[DO NOT PUBLISH]
IN THE UNITED STATES COURT OF APPEALS
FILED
FOR THE ELEVENTH CIRCUIT U.S. COURT OF APPEALS
________________________ ELEVENTH CIRCUIT
Nov. 13, 2009
No. 09-10840 THOMAS K. KAHN
Non-Argument Calendar CLERK
________________________
D. C. Docket No. 07-00210-CV-1-MMP-WCS
JOHN CARMAN,
Plaintiff-Appellant,
versus
MICHAEL J. ASTRUE, Commissioner of
Social Security Administration,
Defendant-Appellee.
________________________
Appeal from the United States District Court
for the Northern District of Florida
_________________________
(November 13, 2009)
Before DUBINA, Chief Judge, MARCUS and ANDERSON, Circuit Judges.
PER CURIAM:
Appellant John Carman, through counsel, appeals the district court’s order
affirming the Commissioner of Social Security’s (the “Commissioner”) denial of
his application for disability insurance benefits, 42 U.S.C. § 405 et seq., and
supplemental security income (“SSI”), 42 U.S.C. § 1381 et seq.
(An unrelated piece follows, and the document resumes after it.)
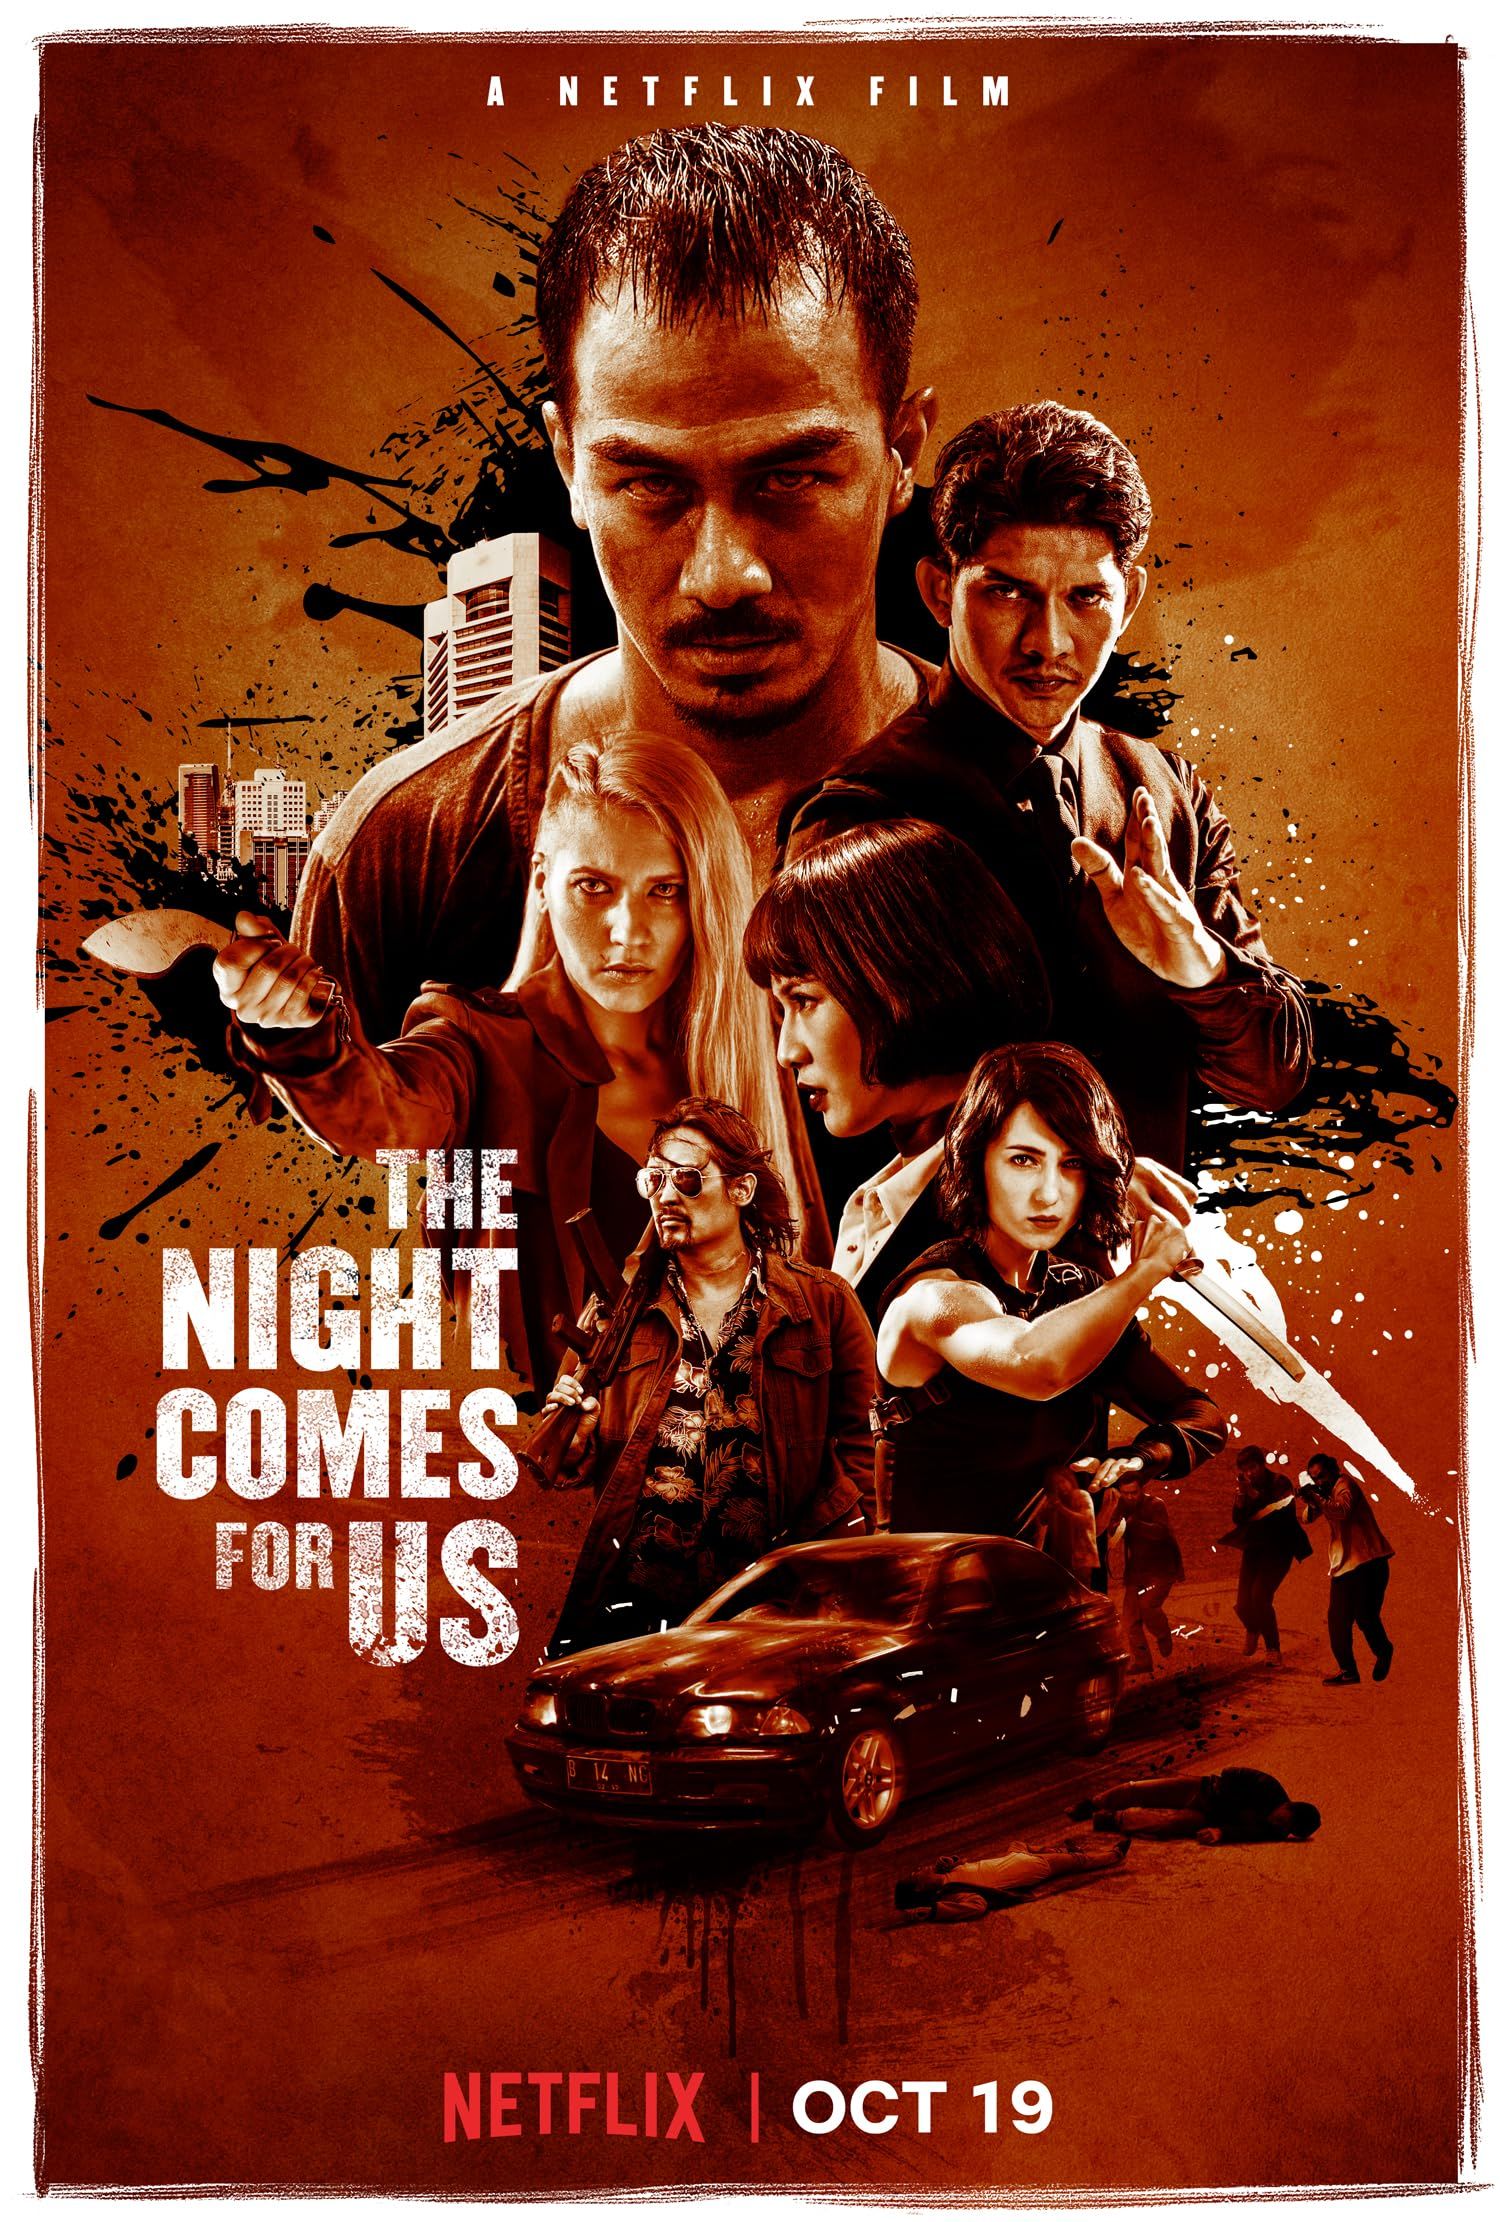 The Night Comes for Us (2018) Hindi Dubbed ORG BluRay Full Movie 720p 480p

On appeal,
Carman argues that the Administrative Law Judge (“ALJ”) ignored and failed to
evaluate properly the opinions of his treating physicians. Carman also argues that
the ALJ failed to give “explicit and adequate reasons” for discrediting his
subjective complaints of pain.
We review the Commissioner’s decision to determine whether it is
supported by substantial evidence and whether the Commissioner applied the
proper legal standards. Crawford v. Comm’r of Soc. Sec., 363 F.3d 1155, 1158
(11th Cir. 2004). “Substantial evidence is more than a scintilla and is such relevant
evidence as a reasonable person would accept as adequate to support a
conclusion.” Id. (internal quotation marks omitted). “Even if the evidence
preponderates against the Commissioner’s findings, we must affirm if the decision
reached is supported by substantial evidence.” Id. at 1158-59 (internal quotation
marks omitted). “We may not decide facts anew, reweigh the evidence, or
substitute our judgment for that of the Commissioner.” Dyer v. Barnhart, 395 F.3d
1206, 1210 (11th Cir. 2005) (internal quotation marks and alteration omitted).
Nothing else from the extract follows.